Azure-Samples / modern-data-warehouse-dataops

DataOps for Microsoft Data Platform technologies. https://aka.ms/dataops-repo
MIT License
590 stars 462 forks source link

Agree on the Lakehouse setup for Parking sensors data #840

Open sreedhar-guda opened 1 week ago

sreedhar-guda commented 1 week ago

Work with the team to agree on the asset organization for Parking sensors lake house.

Env Questions:

Configurations and data files:

[Sreedhar] What is the git location for config files (storing DDLs, process name etc.,). I provided a template which needs to be substituted with actual values before copying to Fabric. The files and target locations will be:

  • reference data (dim_date.csv and dim_time.csv) --> target should be Lakehouse Files/data
  • in git under config/parking_sensors; Files parking_sensors_ddls.yaml and parking_sensors.cfg --> target should be Lakehouse Files/config
  • parking_sensors.cfg is derived from parking_sensors.cfg.template for each stage/env after substituting with appropriate values - such as workspace id belonging to that particular stage. Need to cross-check the substitution strings and format with Anuj and Naga.

Workspace:

Can we not have special characters in the name?

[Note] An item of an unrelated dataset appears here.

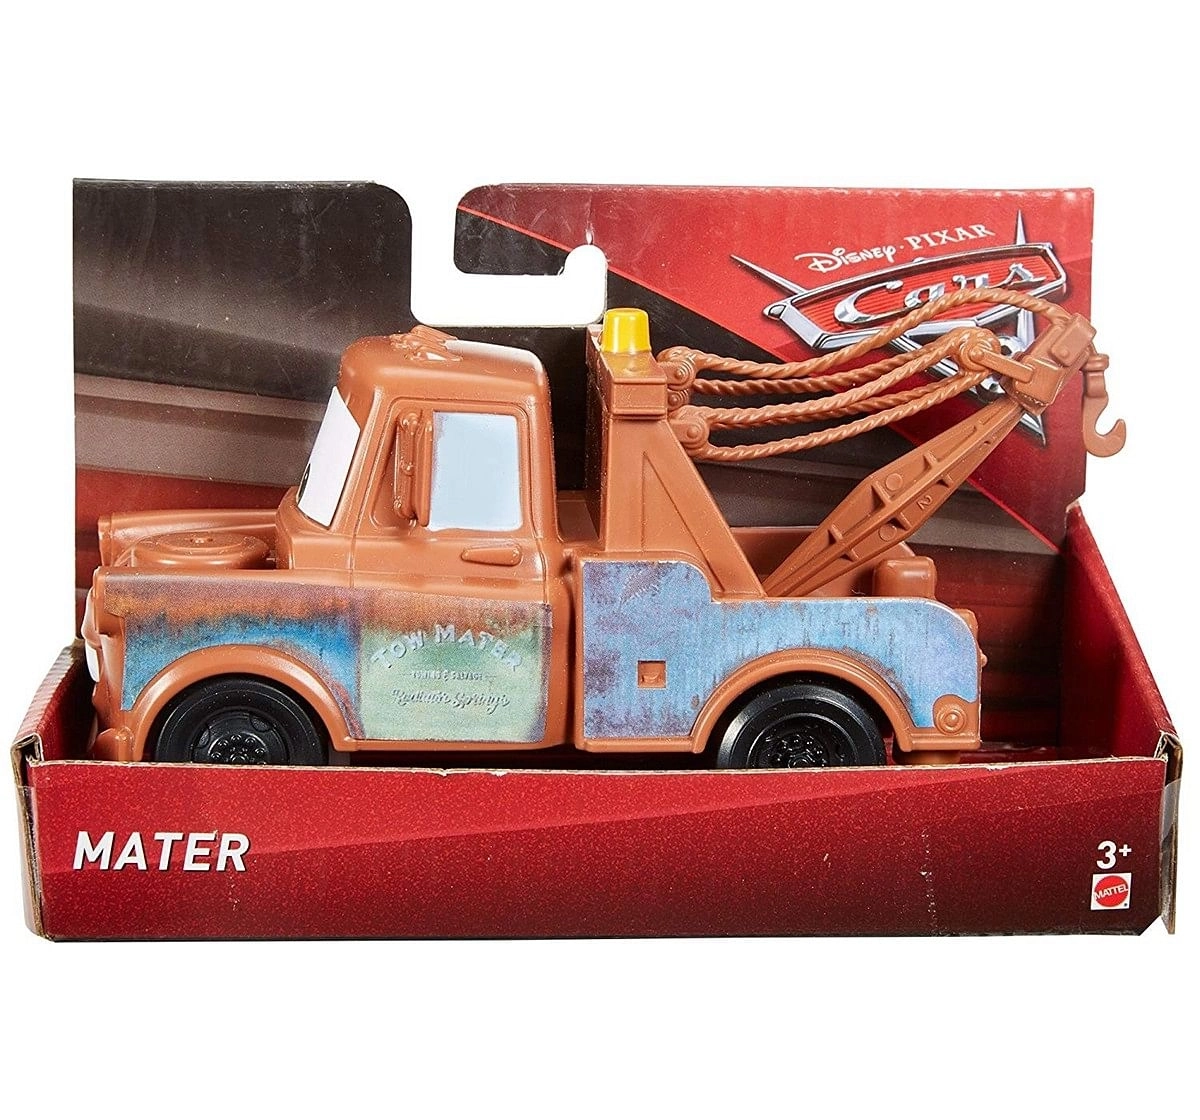 Disney Cars Value Vehicle Mater Vehicles for Kids age 3Y+, Assorted

[Sreedhar]see the comment section for details

Notebook Linting:

[Sreedhar]: nit - noticed that all the imports are being moved the very first cell by the linting process. If users are using %%configure or parameters cell as the first cell and want that one as the very first one (perhaps to do conditional imports), this could have unintentional consequences.

DoD: Agree on:

Related to #846

sreedhar-guda commented 6 days ago

Suggestion: Have a naming convention in place and mentioned in the README.md

Here are the assets I am looking for from setup perspective:

devlace commented 2 days ago

@sreedhar-guda I believe most of these already are set in the current TF deployment scripts: https://github.com/Azure-Samples/modern-data-warehouse-dataops/blob/feat/e2e-fabric-dataops-sample/e2e_samples/fabric_dataops_sample/infra/terraform/locals.tf

Only thing missing is the reference data. We can just call those dim_time and dim_date.

Let's park the utilities lakehouse for now and keep it simple with just the existing lakehouse. (single lakehouse)

sreedhar-guda commented 2 days ago

@promisinganuj @devlace @naga-nandyala

Currently spark queries will fail if the workspace name has a special character in it when using fully qualified names( FQN) for table references. See: https://learn.microsoft.com/en-us/fabric/data-engineering/lakehouse-schemas#public-preview-limitations for more details.

We are developing notebooks with FQN - which included workspace name as well as a best practice. Our Terraform modules use "-" in the name of the workspace. This will result in errors when running queries using FQN.

Options to address this:

  1. Remove special characters from workspace name
  2. Update the notebooks to remove workspace name from FQN

Let me know if option 1 is something we are open to do. If not, I will update the notebook accordingly.